Dana-Farber Cancer Institute, Boston, MA.
Harvard Medical School, Boston, MA.
JCO Clin Cancer Inform. 2020 Aug;4:680-690. doi: 10.1200/CCI.20.00020.
Cancer research using electronic health records and genomic data sets requires clinical outcomes data, which may be recorded only in unstructured text by treating oncologists. Natural language processing (NLP) could substantially accelerate extraction of this information.
Patients with lung cancer who had tumor sequencing as part of a single-institution precision oncology study from 2013 to 2018 were identified. Medical oncologists' progress notes for these patients were reviewed.

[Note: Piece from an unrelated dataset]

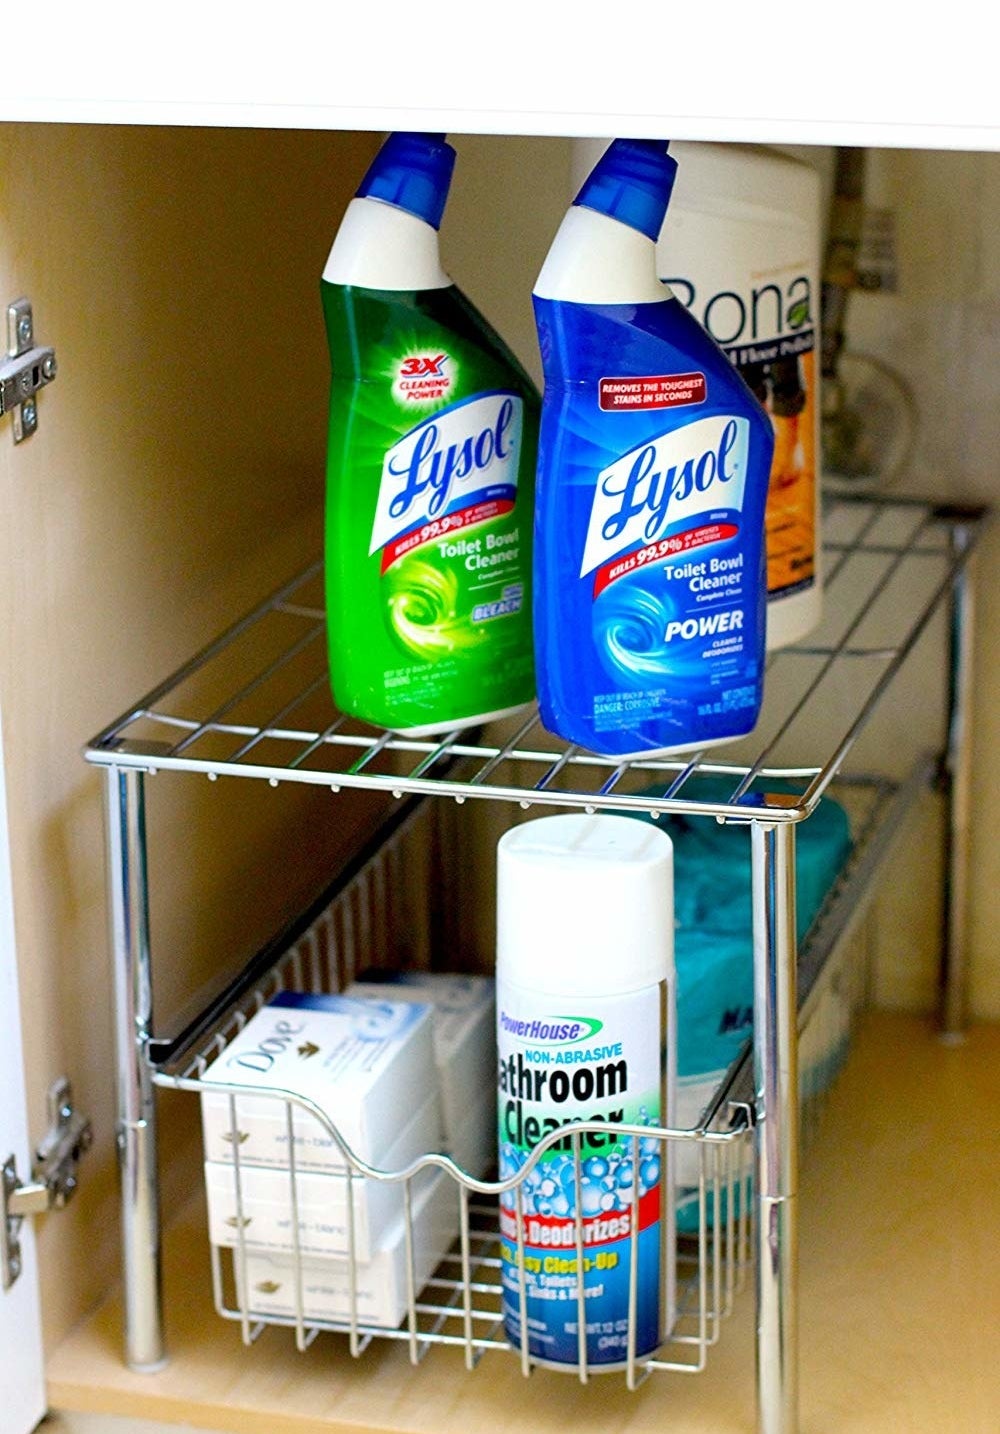 26 Easy Storage Ideas for Organizing Your Bathroom

For each note, curators recorded whether the assessment/plan indicated any cancer, progression/worsening of disease, and/or response to therapy or improving disease. Next, a recurrent neural network was trained using unlabeled notes to extract the assessment/plan from each note. Finally, convolutional neural networks were trained on labeled assessments/plans to predict the probability that each curated outcome was present. Model performance was evaluated using the area under the receiver operating characteristic curve (AUROC) among a held-out test set of 10% of patients. Associations between curated response or progression end points and overall survival were measured using Cox models among patients receiving palliative-intent systemic therapy.

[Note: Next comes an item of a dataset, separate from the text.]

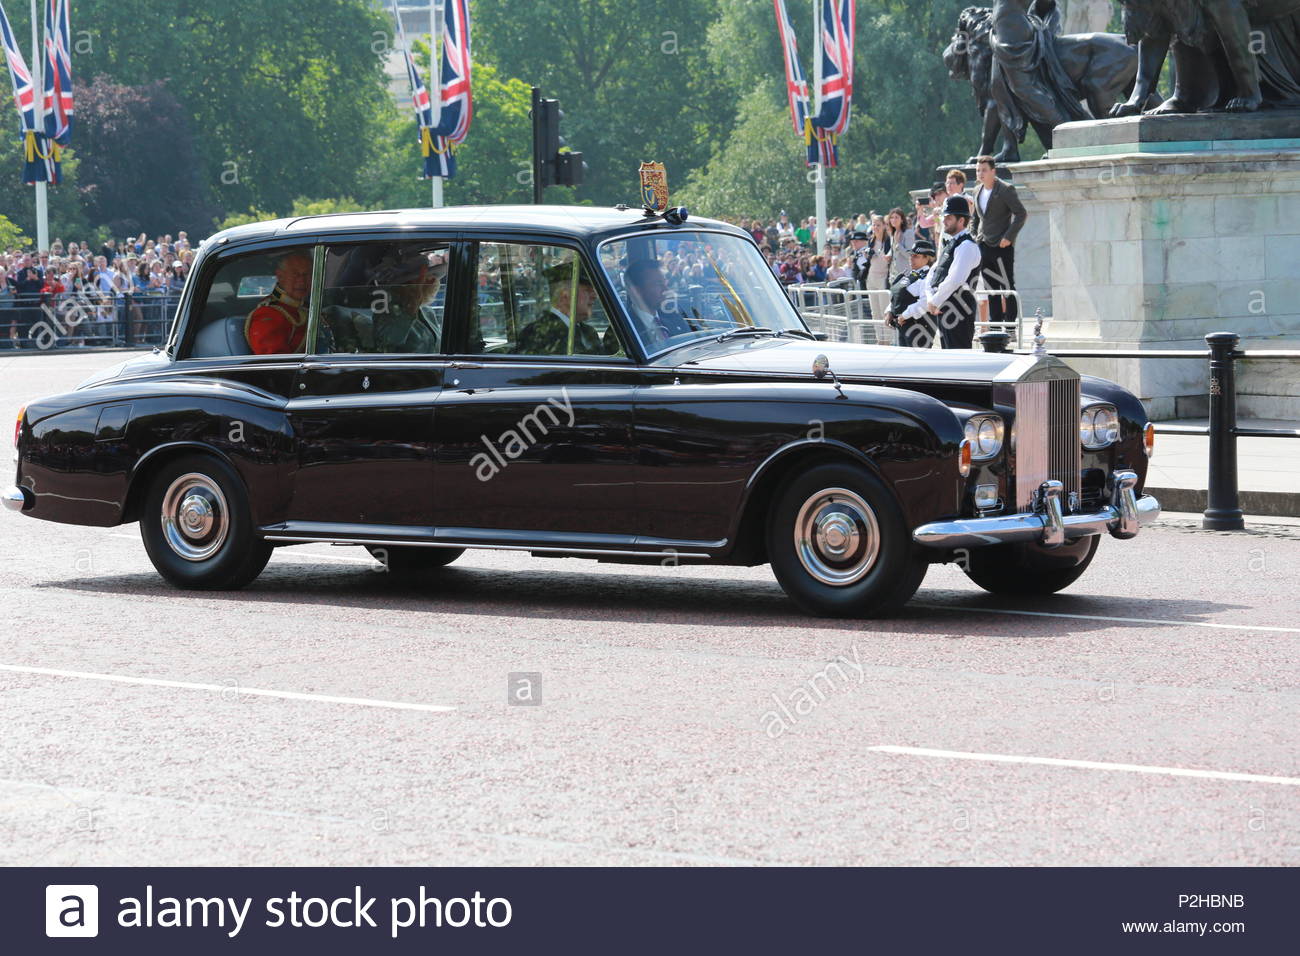 La parade annuelle de la couleur a eu lieu à Londres en l'honneur de l'anniversaire de la reine Elizabeth. Les rues bordées de milliers d'accueillir Sa Majesté. Banque D'Images

Medical oncologist notes (n = 7,597) were manually curated for 919 patients. In the 10% test set, NLP models replicated human curation with AUROCs of 0.94 for the any-cancer outcome, 0.86 for the progression outcome, and 0.90 for the response outcome. Progression/worsening events identified using NLP models were associated with shortened survival (hazard ratio [HR] for mortality, 2.49; 95% CI, 2.00 to 3.09); response/improvement events were associated with improved survival (HR, 0.45; 95% CI, 0.30 to 0.67).
NLP models based on neural networks can extract meaningful outcomes from oncologist notes at scale. Such models may facilitate identification of clinical and genomic features associated with response to cancer treatment.
使用电子健康记录和基因组数据集进行癌症研究需要临床结果数据,这些数据可能仅由治疗肿瘤学家以非结构化文本的形式记录。自然语言处理(NLP)可以大大加快提取这些信息的速度。
确定了 2013 年至 2018 年间在一个机构进行精准肿瘤学研究中接受肿瘤测序的肺癌患者。审查了这些患者的肿瘤内科医生的进展记录。对于每一份记录,管理员都记录了评估/计划是否表明存在任何癌症、疾病进展/恶化以及/或对治疗的反应或改善疾病。接下来,使用未标记的记录训练一个递归神经网络,从每个记录中提取评估/计划。最后,在标记的评估/计划上训练卷积神经网络,以预测每个已审核结果存在的概率。使用 10%患者的测试集的接收者操作特征曲线(AUROC)评估模型性能。在接受姑息性系统治疗的患者中,使用 Cox 模型测量已审核的反应或进展终点与总生存期之间的关联。
为 919 名患者手动审核了肿瘤内科医生的记录(n=7597)。在 10%的测试集中,NLP 模型的 AUROC 为 0.94,用于任何癌症结果;0.86,用于进展结果;0.90,用于反应结果,复制了人类的审核结果。使用 NLP 模型识别的进展/恶化事件与缩短的生存期相关(死亡风险比 [HR],2.49;95%置信区间 [CI],2.00 至 3.09);反应/改善事件与生存期改善相关(HR,0.45;95%CI,0.30 至 0.67)。
基于神经网络的 NLP 模型可以大规模地从肿瘤内科医生的记录中提取有意义的结果。这种模型可能有助于识别与癌症治疗反应相关的临床和基因组特征。